The Border Guard Bangladesh (BGB) is a paramilitary force responsible for the border security of Bangladesh. The force is known as "The Vigilant Sentinels of the National Frontier". The BGB is entrusted with the responsibility to defend the  border of Bangladesh. It was formerly known as the Bangladesh Rifles (BDR).

BGB boasts a military history spanning over two centuries. During peacetime this force is also responsible for anti-smuggling operations, investigating cross border crime and extending governmental authority to remote and isolated areas. From time to time BGB has also been called upon to assist the administration in the maintenance of internal law & order, relief and rehabilitation work after any kind of natural disaster. During wartime BGB comes under the control of the Ministry of Defence as an auxiliary force to the Bangladesh Army.

History

Formation and pre-1947

Ramgarh Local Battalion 
The Ramgarh Local Battalion was established on 29 June 1795 at the city of Ramgarh, consisting of 486 personnel, known as the "Frontier Protection Force", under the command of the East India Company. Later the force was converted into a paramilitary unit with its own name (Ramgarh Local Battalion) and uniform. At that time its primary responsibility was to suppress insurgent activities around the Ramgarh area.

Special Reserve Company 
During 1799, the force established its first camp at Pilkhana, where the headquarters remain to this day. The camp unit then was known as "Special Reserve Company".

Frontier Guards 
The Ramgarh Local Battalion was renamed the "Frontier Guards", and remained so for thirty years from 1861 to 1891.

Bengal Military Police 
From 1891 till 1920, the Frontier Guards were re-organized, equipped with modern weapons and renamed once again as the "Bengal Military Police". Commanded by a Subedar (Senior Warrant Officer), the BMP had four companies located in Dhaka, Dhumka and Gangtok. This force also participated in the First World War.

Eastern Frontier Rifles 
The BMP was reorganised yet once again and renamed the "Eastern Frontier Rifles" in 1920. Its primary task was to protect the borders. It also took part in numerous military operations during the Second World War.

East Pakistan Rifles

After the partition of India, the Eastern Frontier Rifles were re-grouped and renamed the "East Pakistan Rifles" (EPR) in 1947. It was the primary border protection force of East Pakistan. A number of Metropolitan Armed Police of Calcutta and some 1,000 ex-soldiers of West Pakistan merged into this force. Officers from the army were transferred to command and reorganize EPR. In 1958, it was also assigned anti-smuggling duties on top of its primary role as border guards. Major Tufail Mohammad was awarded the highest military award of Pakistan, 'Nishan-e-Haider', for his action in the Laksmipur Operation. In the Indo-Pakistani War of 1965 this force fought in a number of skirmishes in Lathitila, Dohogram, Laksmipur, Assalong and Boroibari.

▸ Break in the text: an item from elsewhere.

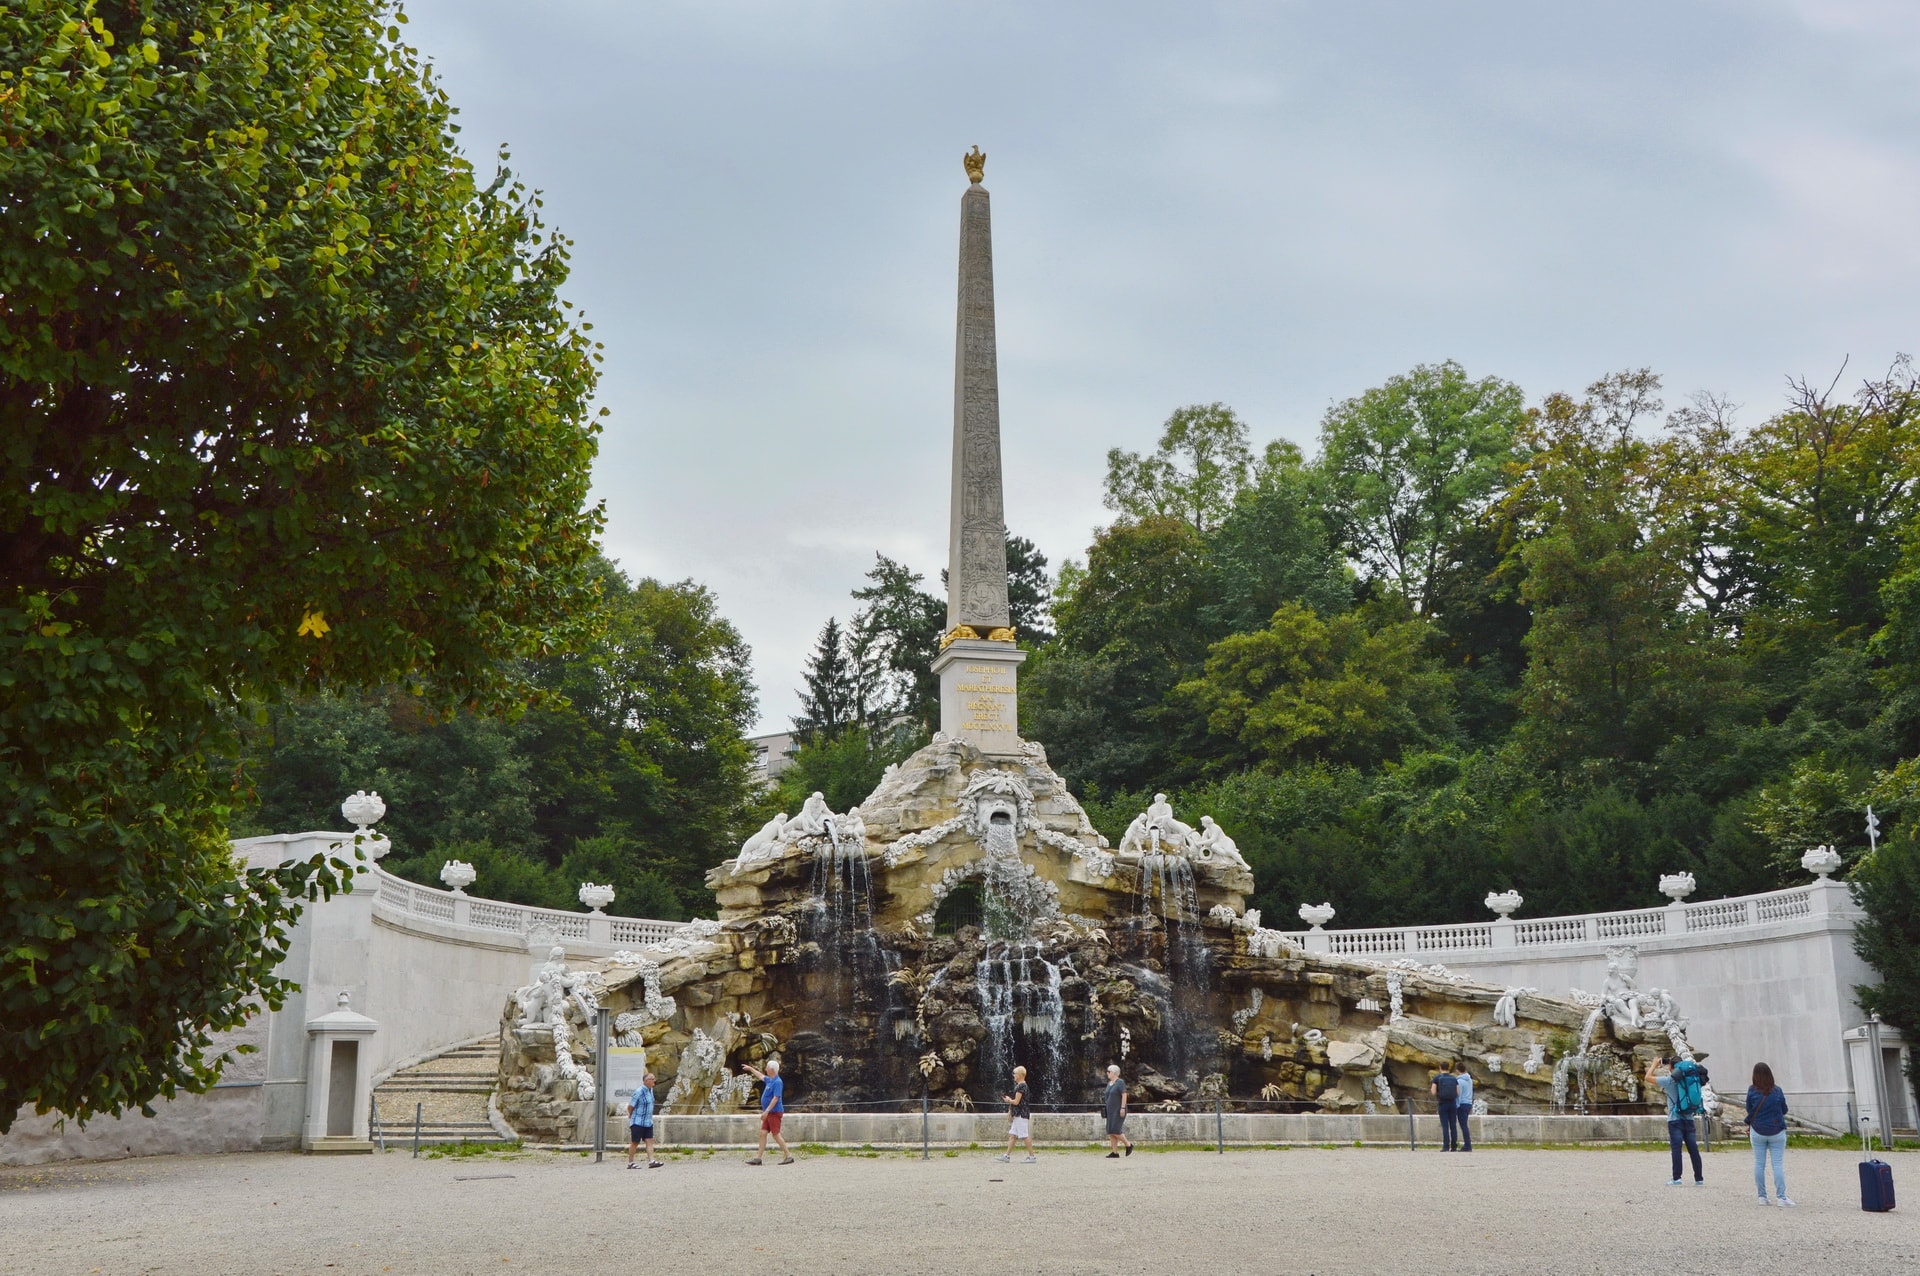 Obelisk Fountain in the gardens of the Schönbrunn Palace

Bangladesh Liberation War 1971
During the Bangladesh Liberation War of 1971, nearly nine thousand of the members of the East Pakistan Rifles (EPR) turned against the Pakistan Army following the Declaration of Independence of Bangladesh at Kalurghat Radio Station, Chittagong. Eight hundred and seventeen EPR personnel were subsequently reported as being killed in action. The East Pakistan Rifles were the border security and anti-smuggling force stationed in what was to become independent Bangladesh. It was commanded by Junior Commissioned Officers (JCO) at the company level. All EPR companies were based within  of the international boundary. There were two senior commissioned officers, seconded from the Pakistan Army in command of each Wing (battalion) of the EPR. In March 1971, there were 12 EPR Wings. The entire force according to CIA estimates had 10,000 enlisted personnel.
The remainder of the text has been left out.